F: Carmen Quimiguing, assisted by her parents, sued Felix Icao in the court below. In her complaint it was averred that the parties were neighbors in Dapitan City, and had close and confidential relations; that defendant Icao, although married, succeeded in having carnal intercourse with plaintiff several times by force and intimidation, and without her consent; that as a result she became pregnant, despite efforts and drugs supplied by defendant, and plaintiff had to stop studying. Hence, she claimed support at P120.00 per month, damages and attorney's fees. Duly summoned, defendant Icao moved to dismiss for lack of cause of action since the complaint did not allege that the child had been born; and after hearing arguments, the trial judge sustained defendant's motion and dismissed the complaint. Thereafter, plaintiff moved to amend the complaint to allege that as a result of the intercourse, plaintiff had later given birth to a baby girl; but the court, sustaining defendant's objection, ruled that no amendment was allowable, since the original complaint averred no cause of action. I:

Whether plaintiff has a right to claim damages.

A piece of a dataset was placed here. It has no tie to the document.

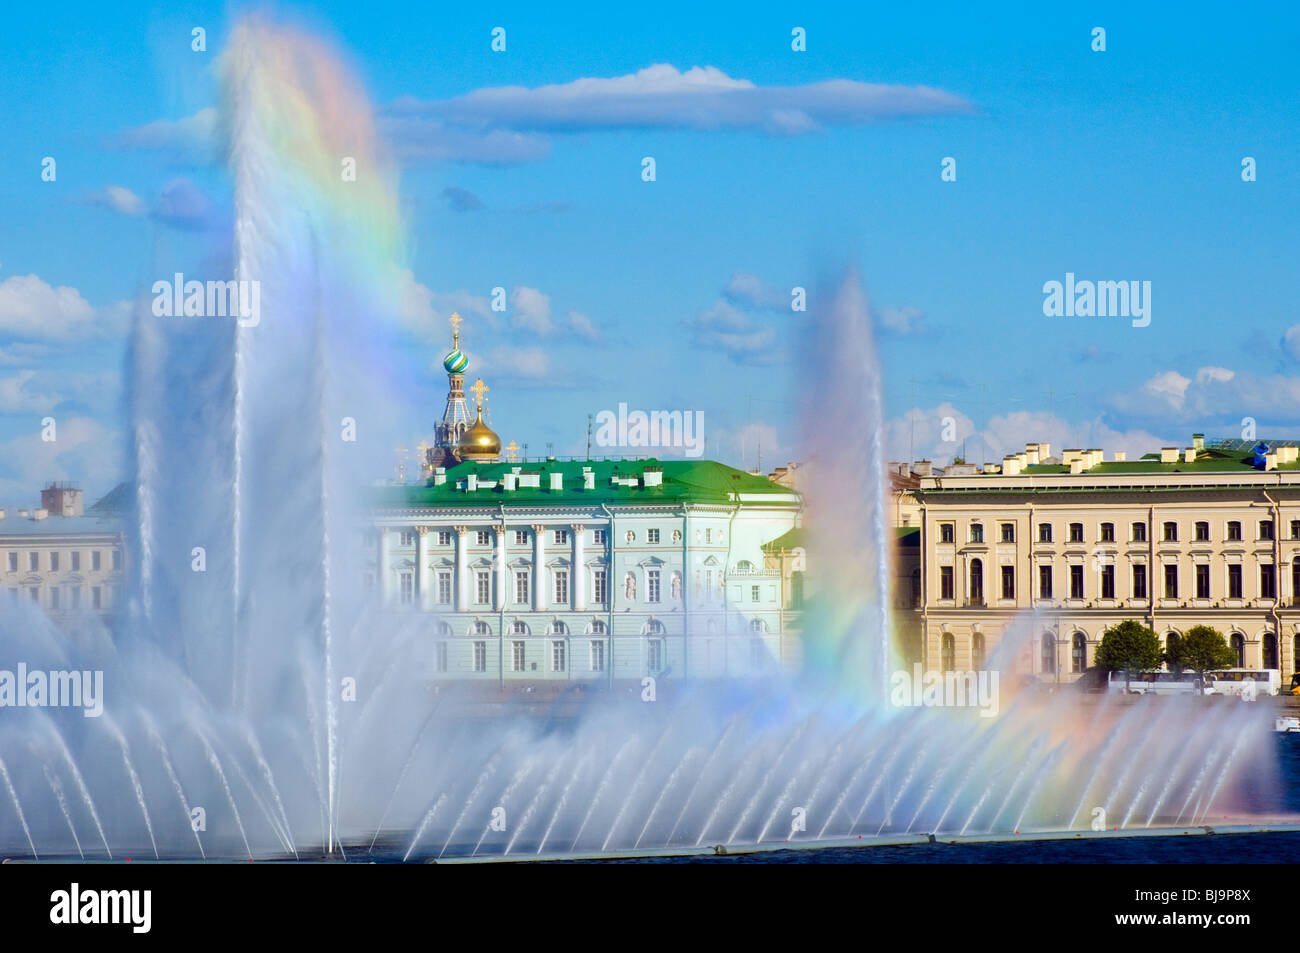 Fountains in the River Neva, St Petersburg, Russia, with buildings of the Hermitage Museum behind Stock Photo

R: We find the appealed orders of the court below to be untenable. A conceived child, although as yet
unborn, is given by law a provisional personality of its own for all purposes favorable to it, as explicitly provided in Article 40 of the Civil Code of the Philippines. The unborn child, therefore, has a right to support from its progenitors, particularly of the defendant-appellee (whose paternity is deemed admitted for the purpose of the motion to dismiss), even if the said child is only "en ventre de sa mere;" just as a conceived child, even if as yet unborn, may receive donations as prescribed by Article 742 of the same Code, and its being ignored by the parent in his testament may result in preterition of a forced heir that annuls the institution of the testamentary heir, even if such child should be born after the death of the testator Article 854, Civil Code). It is thus clear that the lower court's theory that Article 291 of the Civil Code declaring that support is an obligation of parents and illegitimate children "does not contemplate support to children as yet unborn," violates Article 40 aforesaid, besides imposing a condition that nowhere appears in the text of Article 291. It is true that Article 40 prescribing that "the conceived child shall be considered born for all purposes that are favorable to it" adds further "provided it be born later with the conditions specified in the following article" (i.e., that the foetus be alive at the time it is completely delivered from the mother's womb). This proviso, however, is not a condition precedent to the right of the conceived child; for if it were, the first part of Article 40 would become entirely useless and ineffective. Thus, independently of the right to Support of the child she was carrying, plaintiff herself had a cause of action for damages under the terms of the complaint; and the order dismissing it for failure to state a cause of action was doubly in error. The orders under appeal are reversed and set aside. Let the case be remanded to the court of origin for further proceedings conformable to this decision. Costs against appellee Felix Icao.